6. According to my mother, in a story I’ve heard in different iterations over time, she was resting, pregnant belly large and looming, as my father, his mother, and sister sat at the kitchen table. Mom overhead their discussion, which turned on what I should be named. Various highly femininized names were tossed about, names such as Tiffany or perhaps Debbie. Angrily, because it was offensive to her that they might discuss the naming of her baby without her input, Mom walked into the kitchen and said, the baby’s name will be Jonnie, whether it’s a boy or a girl. I share the name of my father, though with a different spelling. I also share the middle name of my mother: Lynne, a name that was predominantly male until after the start of the twentieth century. Being a female with a conventionally male name has offered both benefits and challenges, such as when I was a child and would ask a friend to spend the night but if I had not yet met her parents, sometimes I would be asked to come meet them just to prove I was actually a girl. Did your parents want a boy? I am often asked when meeting a new person, and despite the number of times I’ve been asked, I do not have a response. I do not know. But what I do know is this: Men can get breast cancer, but it is one hundred times more likely to affect women. In about half the cases, the woman has no known risk factors. While a family history of breast cancer increases the risk of developing breast cancer, no one in my family had breast cancer that I know of. Simply being a female is a risk factor, regardless of the standard gender of your name.
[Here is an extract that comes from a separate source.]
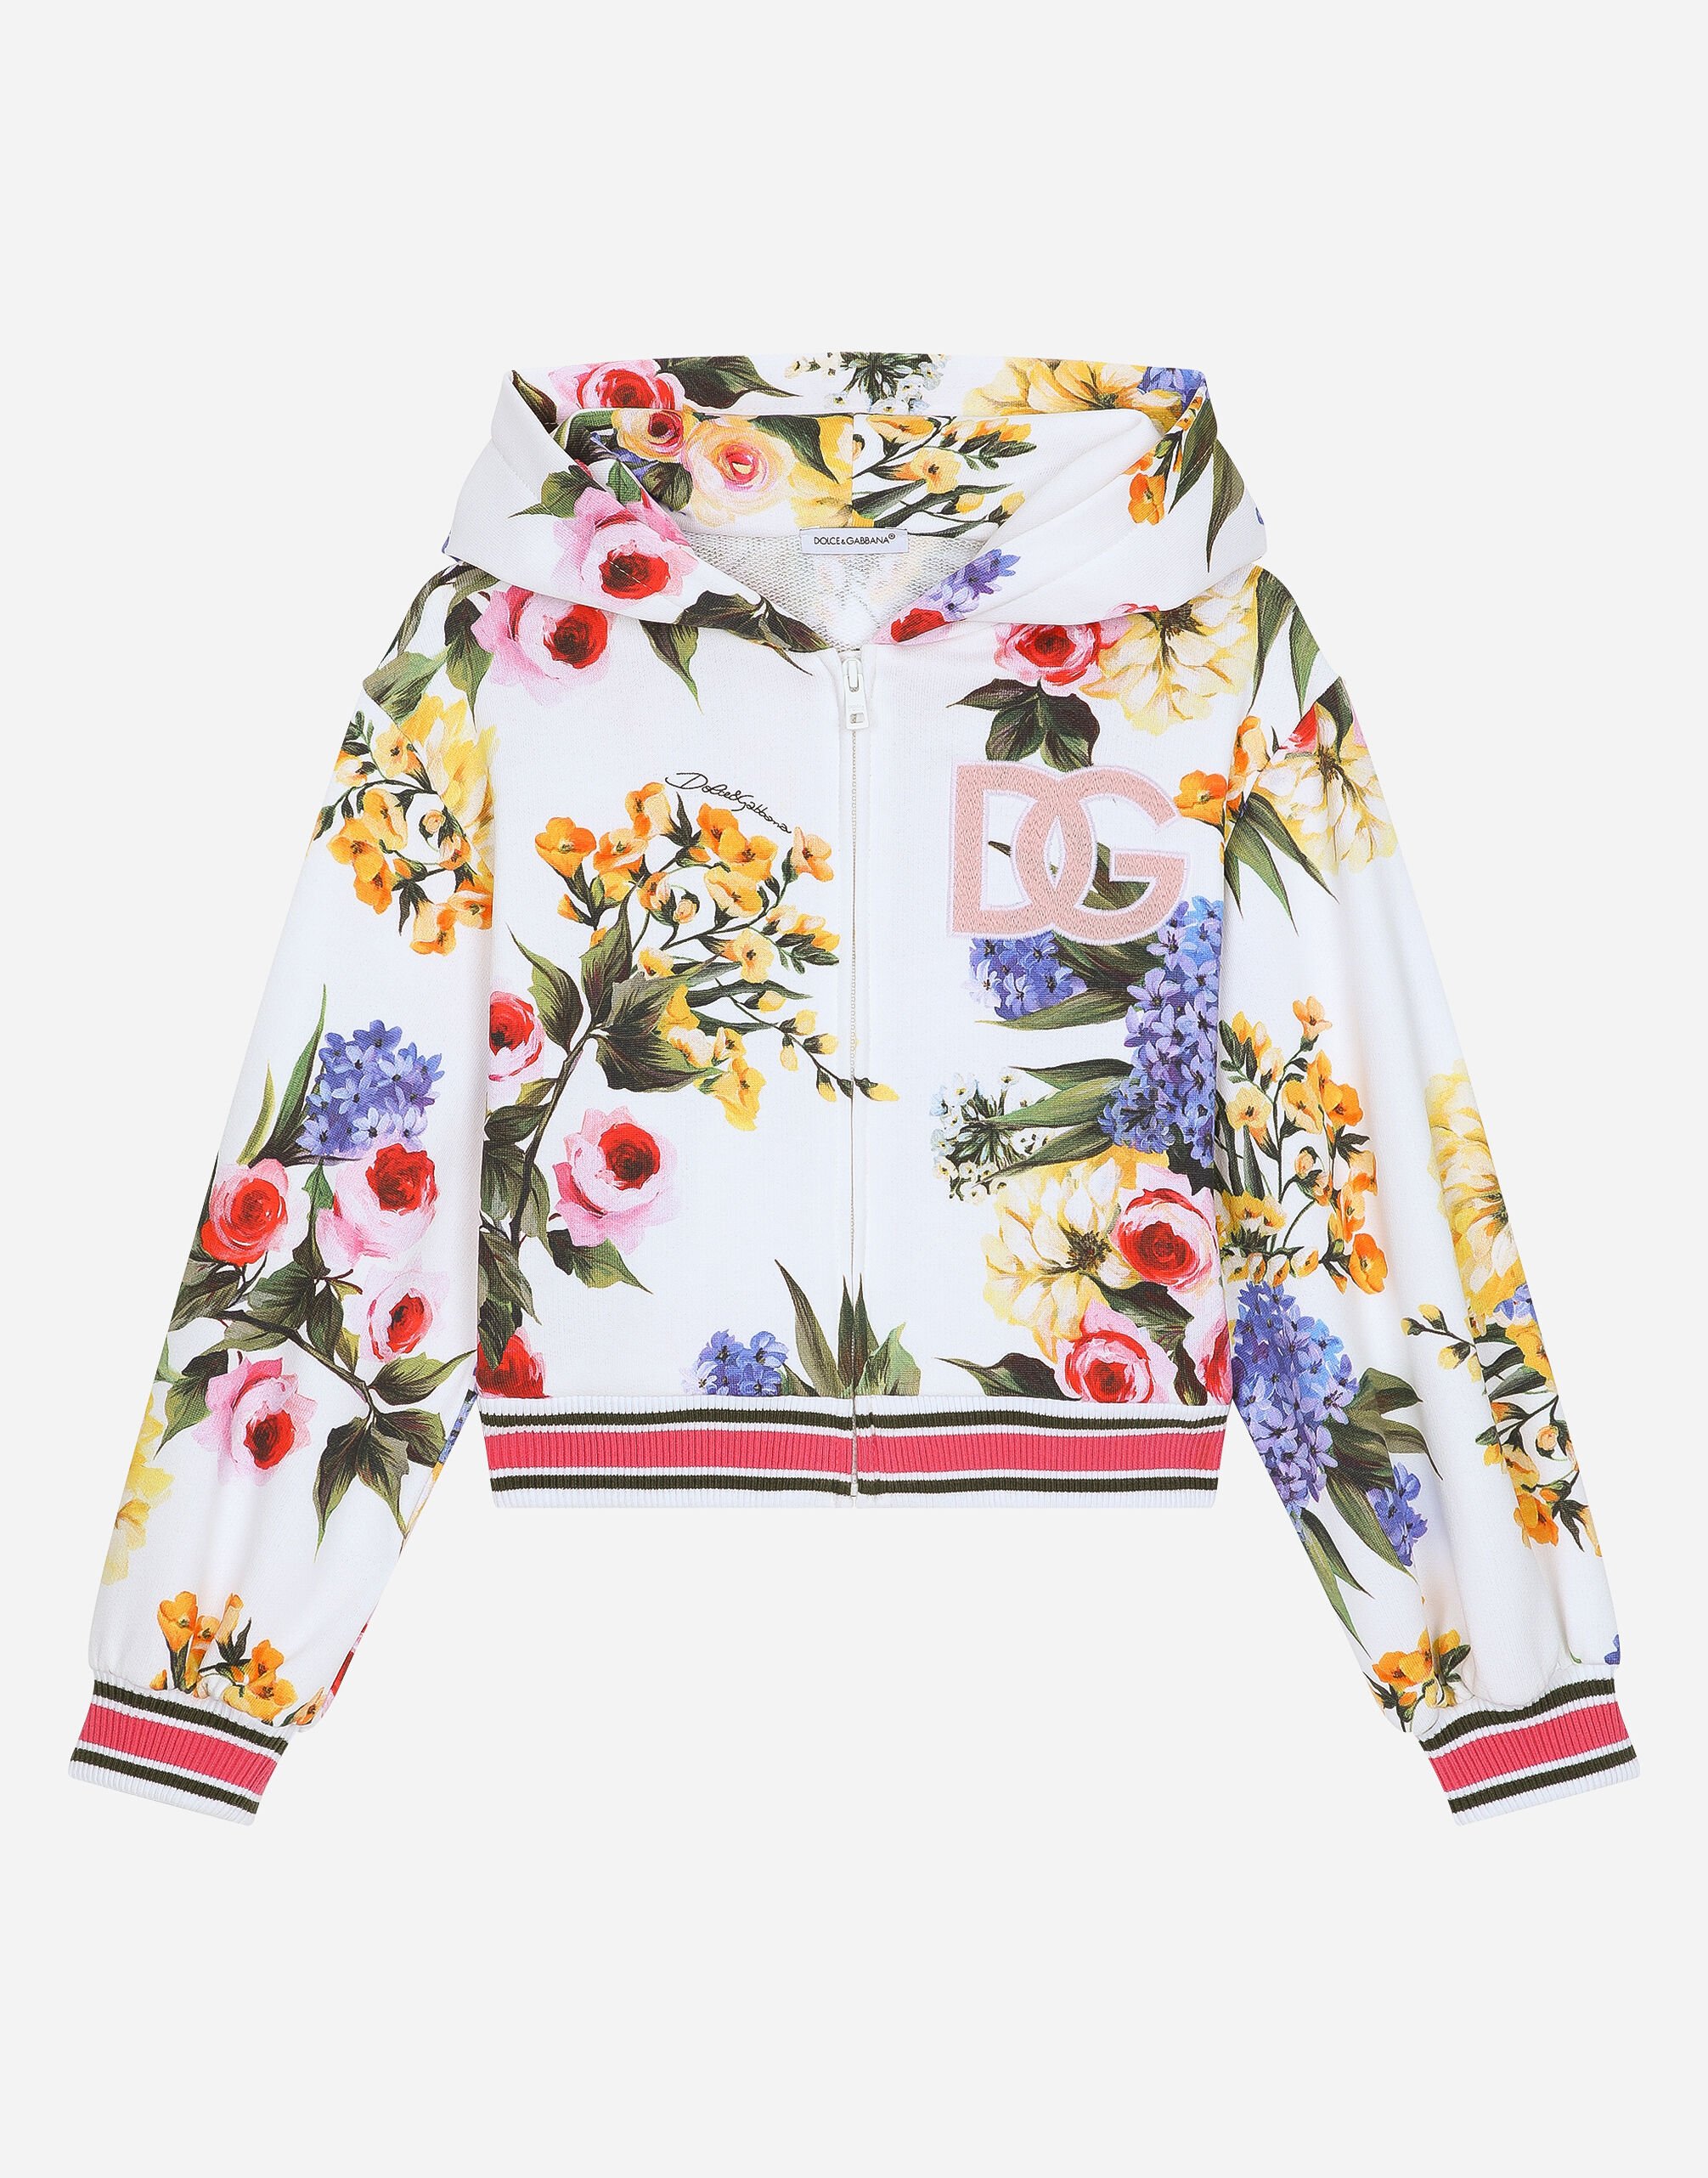 Dolce & Gabbana Felpa zip con cappuccio in jersey stampa giardino e logo DG Stampa L5JTMEG7K4F

7. Red solo cups. Red dye number 40. Plastic Big Gulp cups from 7-Eleven lining the cabinet. Bright red Slurpees, after driving across town to the nearest 7-11. Might as well buy a pack of Marlboros while there. Grab a bag of Doritos to eat while driving home, sunroof open, refinery smell wafting into the car while “Baby Got Back” or maybe some Lynyrd Skynyrd plays loudly. Canned green beans. Leftovers—including the canned green beans, if there is a vegetable—heated in the microwave in plastic containers until piping hot. Red Bull and vodka, shot after shot until one day I think I might vomit just from the smell of the Red Bull when a guy at work drinks it. Red licorice. Red hot dogs, spinning in their case in the convenience store next to the place where I work, hungover and craving the spicy, greasy meat. I walk there through the shop where motorcycles idle and the smell of exhaust remains on my clothes, outside to where the refinery stands sentry, pillows of fumes and bright orange flames rising. I walk back with the terrible spicy hot dog, sipping a giant soda, through the exhaust and the mechanics smoking their cigarettes, past the pictures of naked women they all have hanging up in their mechanic’s stalls (until the boss says they can’t have naked photos anymore, maybe because I was hired and am the only female, so they all take those little stickers that are intended to repair a hole torn in a piece of notebook paper so you can put it back into a three ring binder, and they use those stickers to cover up nipples and assholes and spread legs and they think this is funny). I bum a cigarette from the service manager who keeps a pack in his shirt pocket after eating this hot dog.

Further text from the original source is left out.